### Dataset records
# # # #
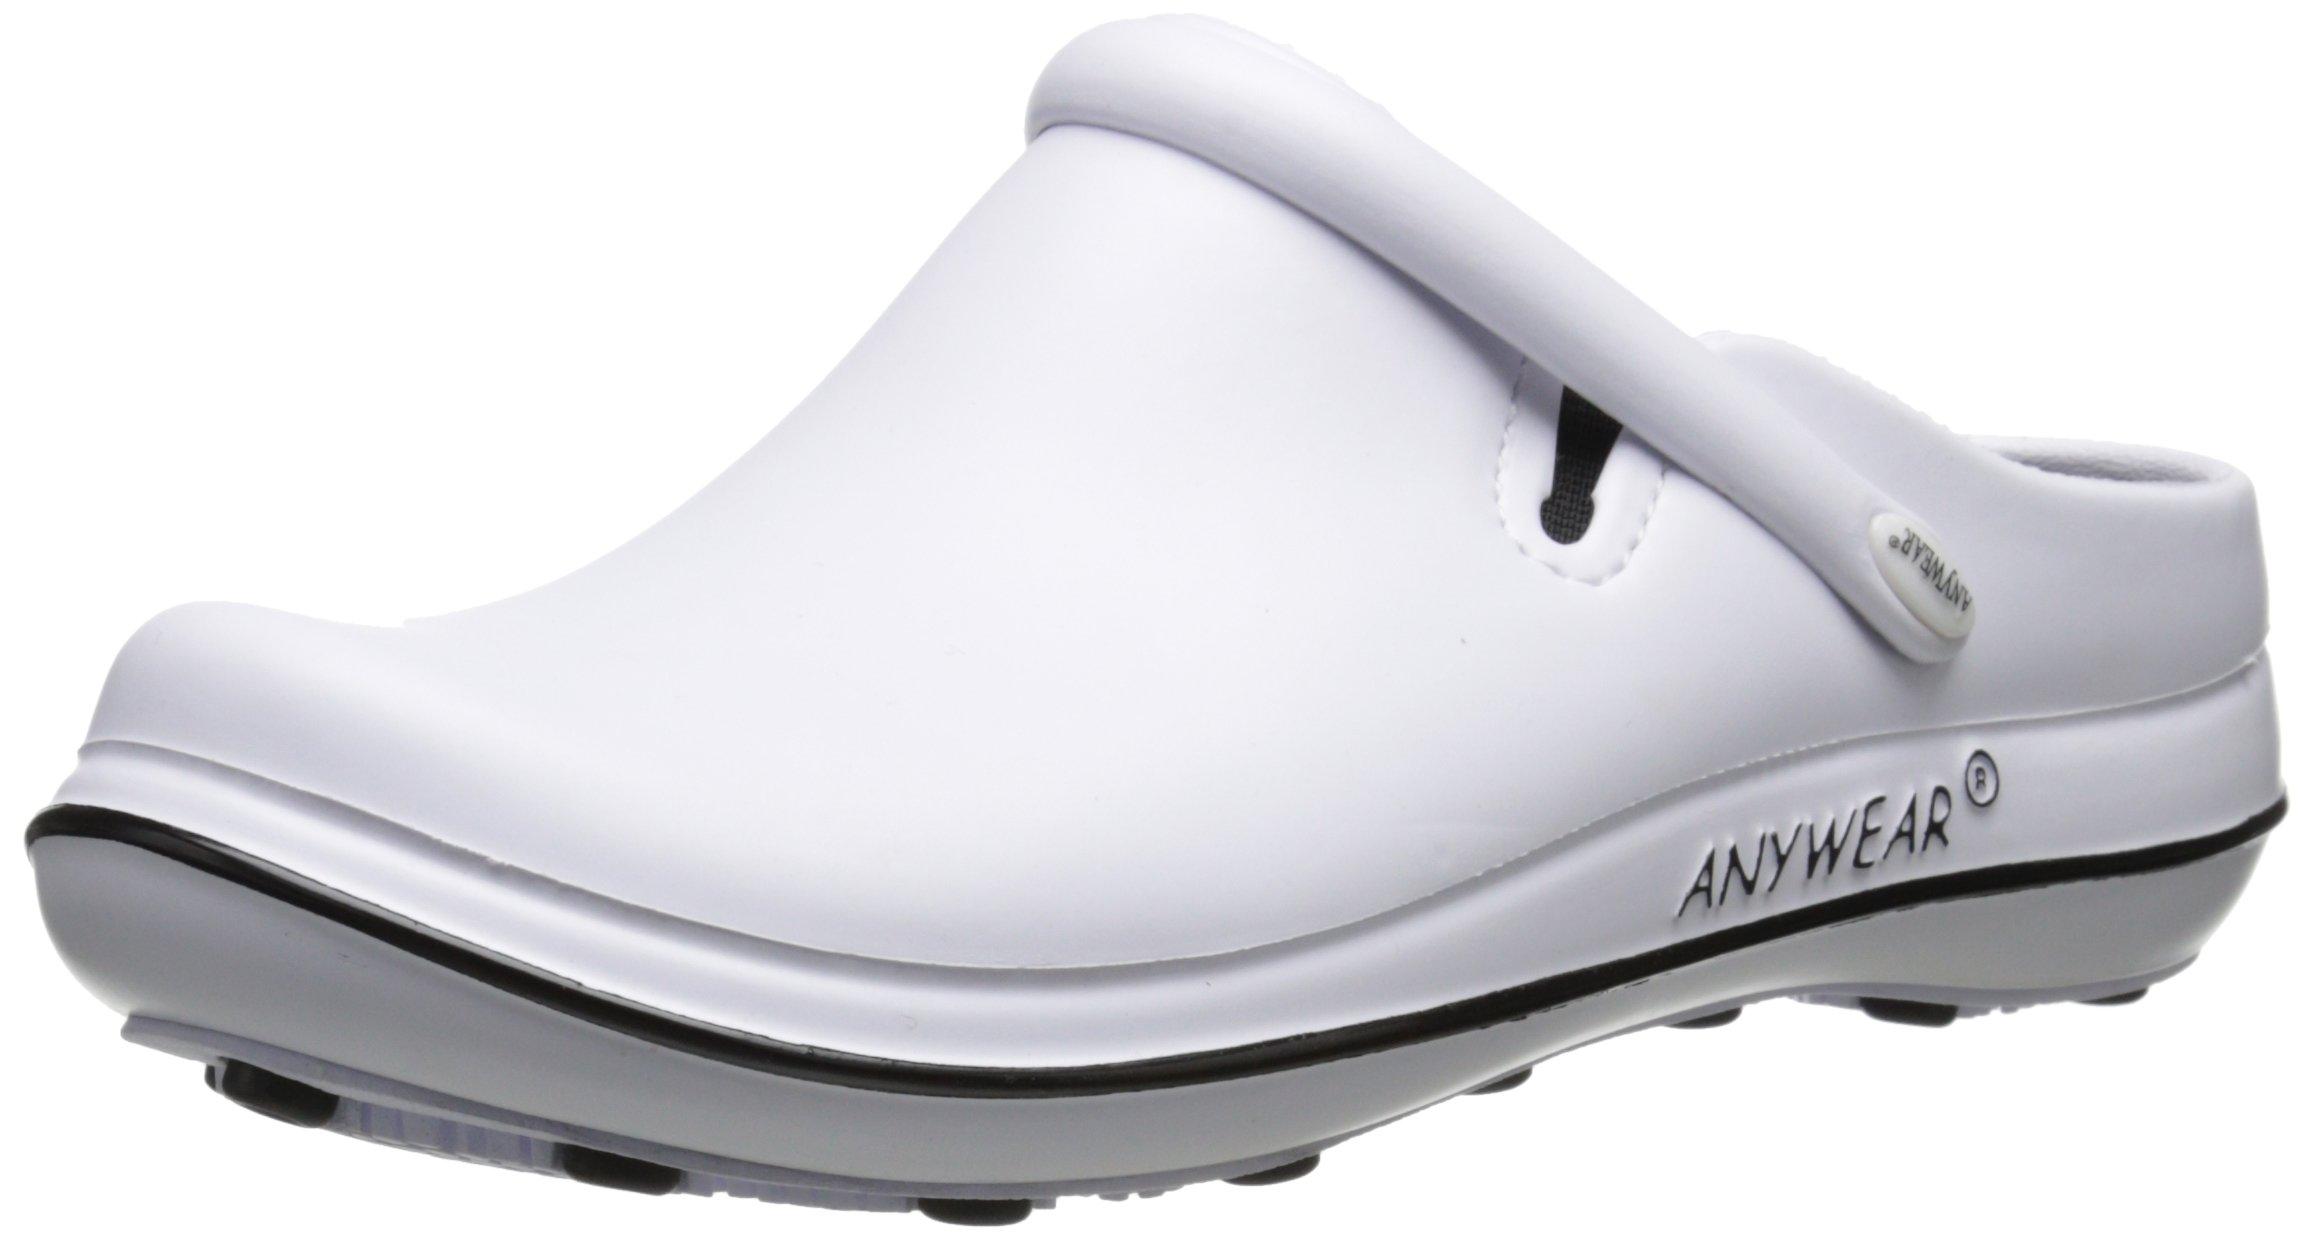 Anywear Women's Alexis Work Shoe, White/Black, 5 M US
# # # #
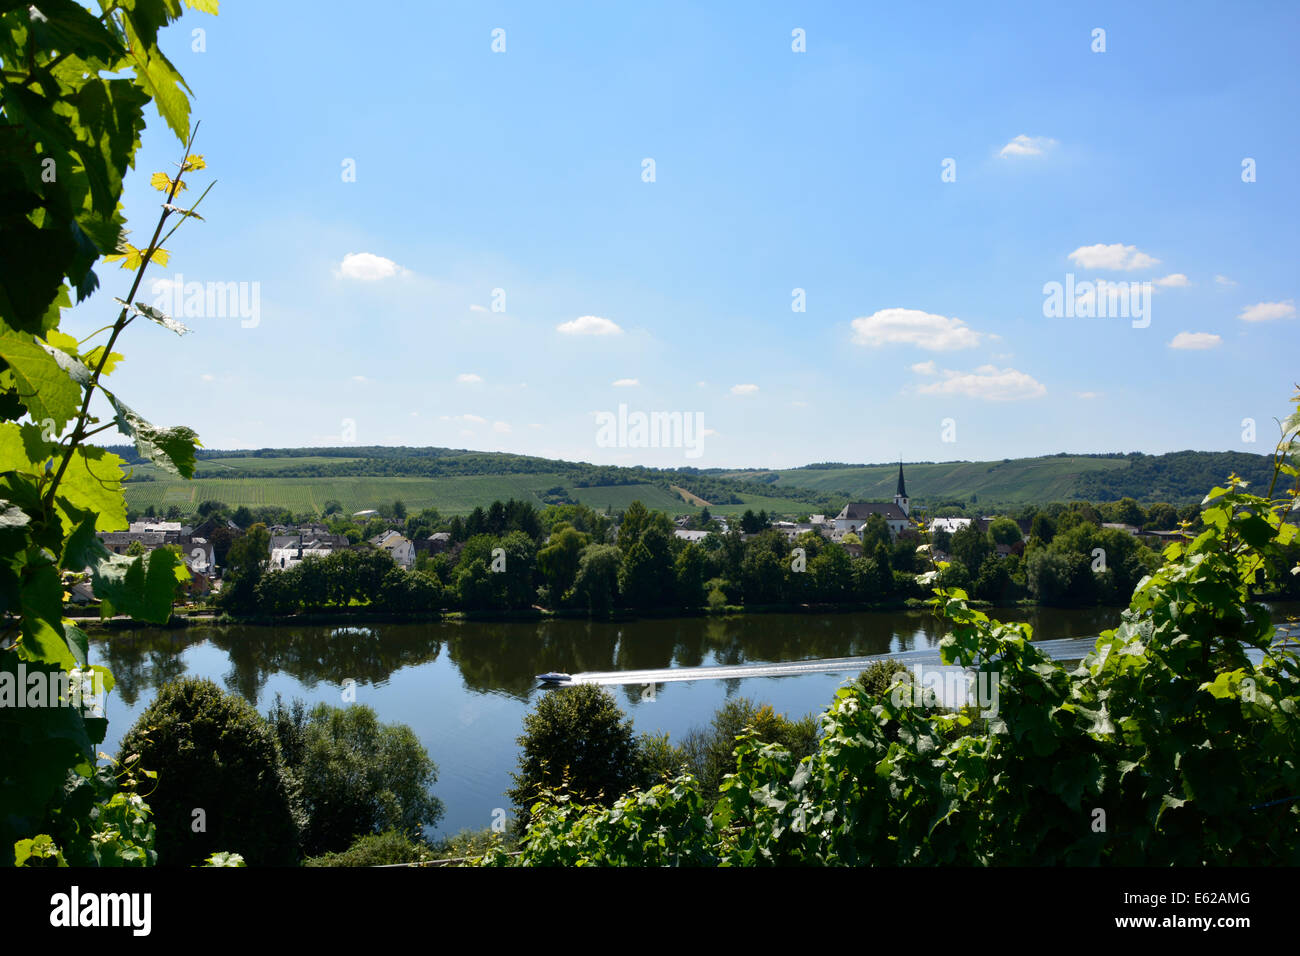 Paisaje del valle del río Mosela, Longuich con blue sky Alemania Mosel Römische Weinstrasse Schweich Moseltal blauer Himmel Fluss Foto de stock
# # # #
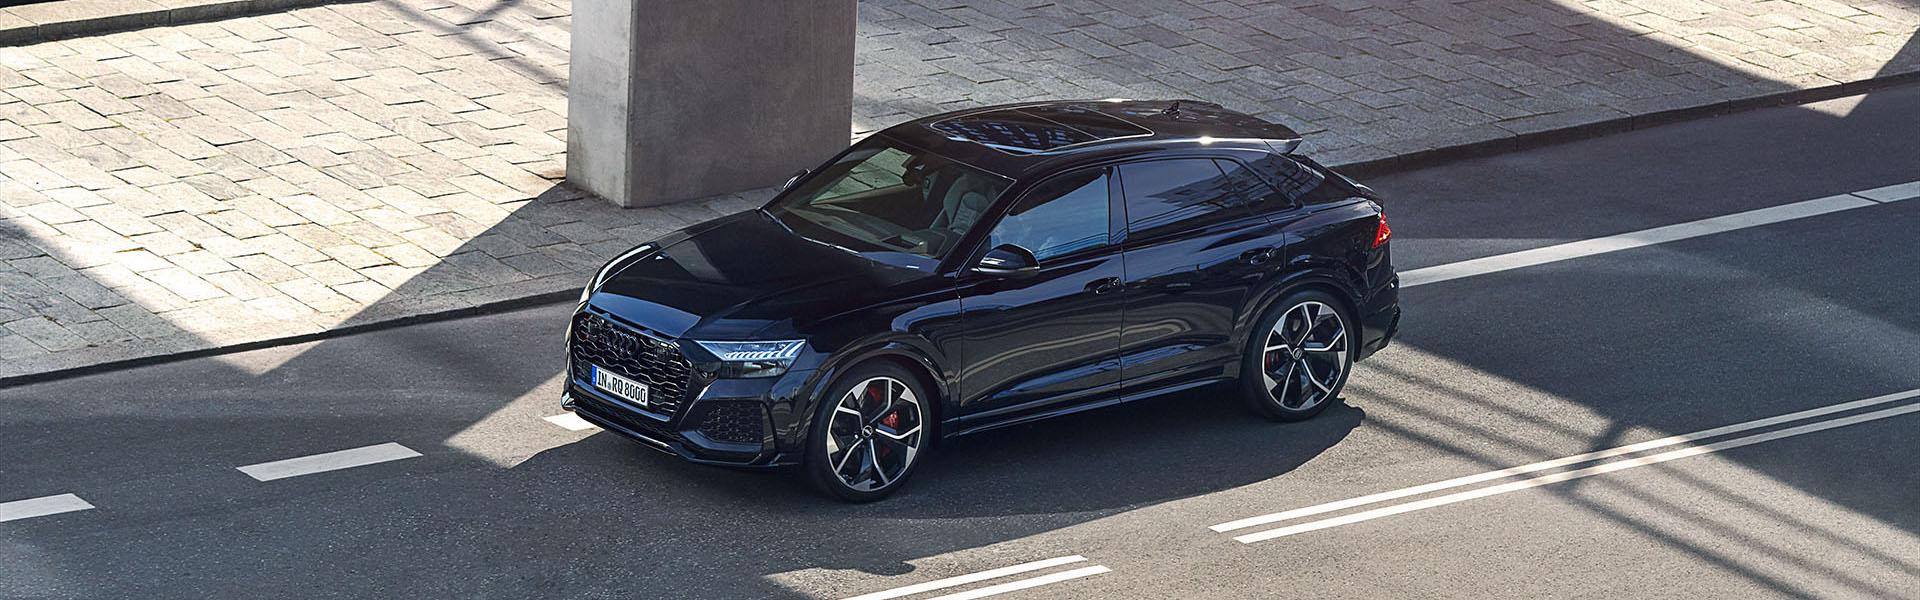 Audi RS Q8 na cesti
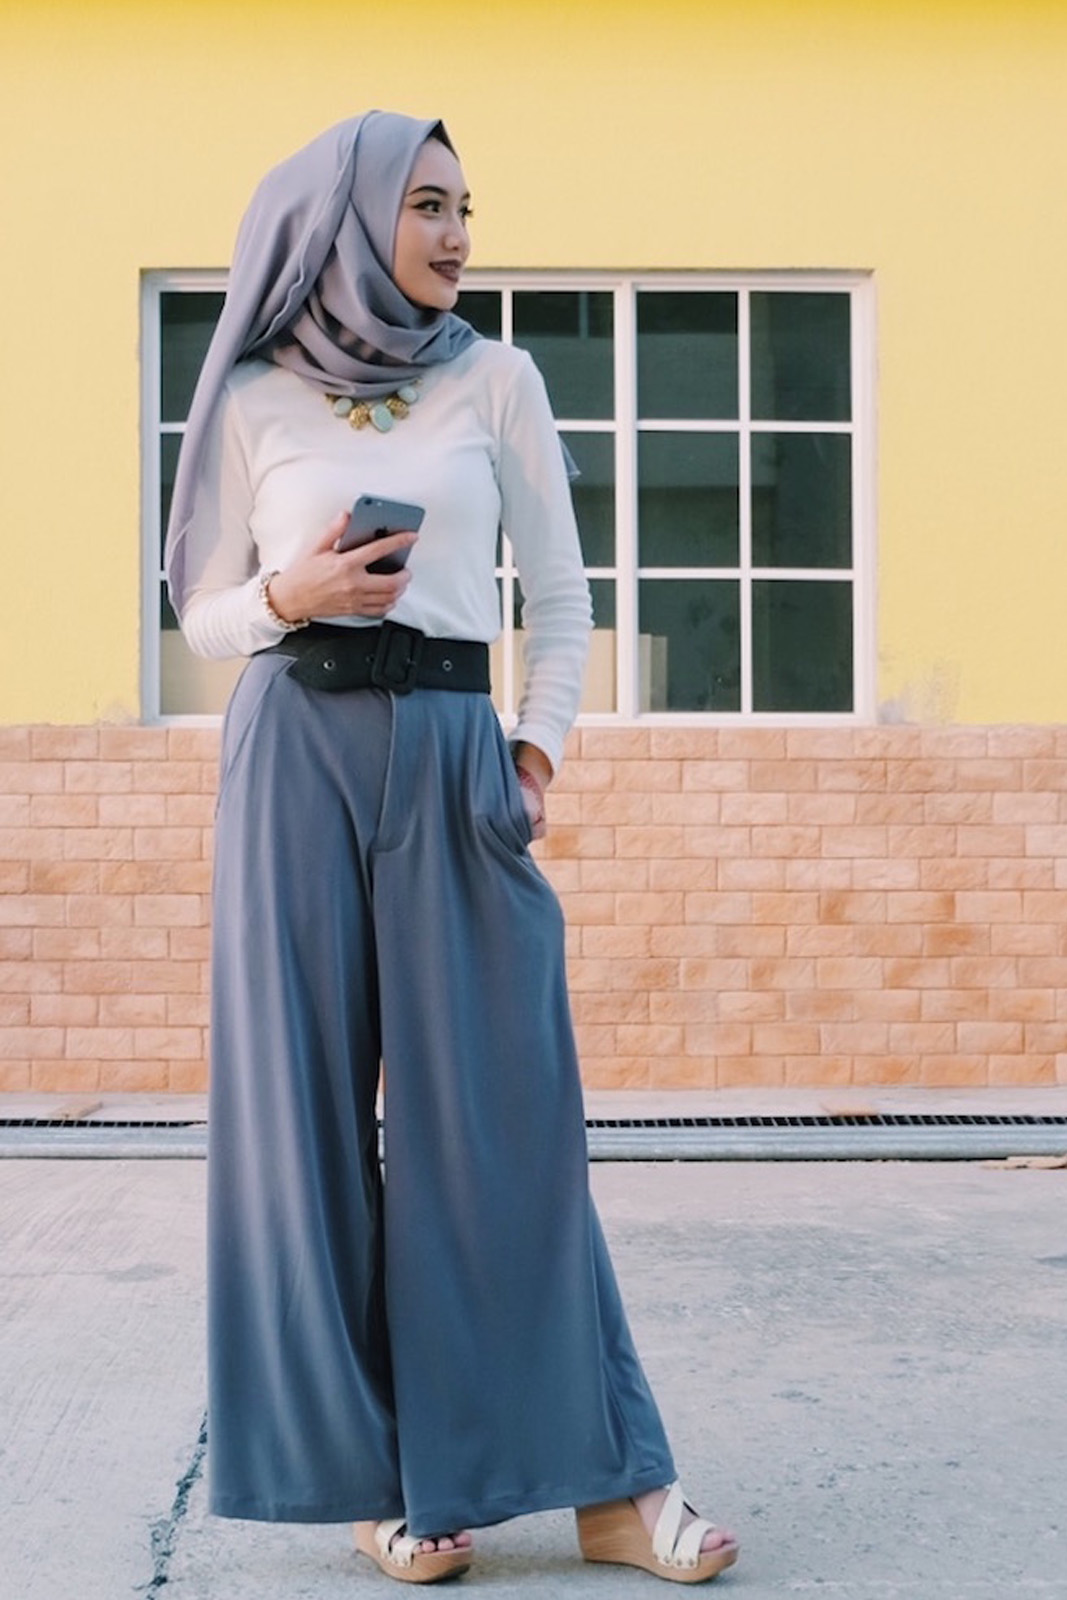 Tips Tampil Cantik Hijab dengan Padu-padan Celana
# # # #
### Task objective
Pictures in the material above should be skipped; print exactly the lines from the one with "Audi RS Q8 na cesti" through the one with "Tips Tampil Cantik".

### Response
 Audi RS Q8 na cesti
 Tips Tampil Cantik Hijab dengan Padu-padan Celana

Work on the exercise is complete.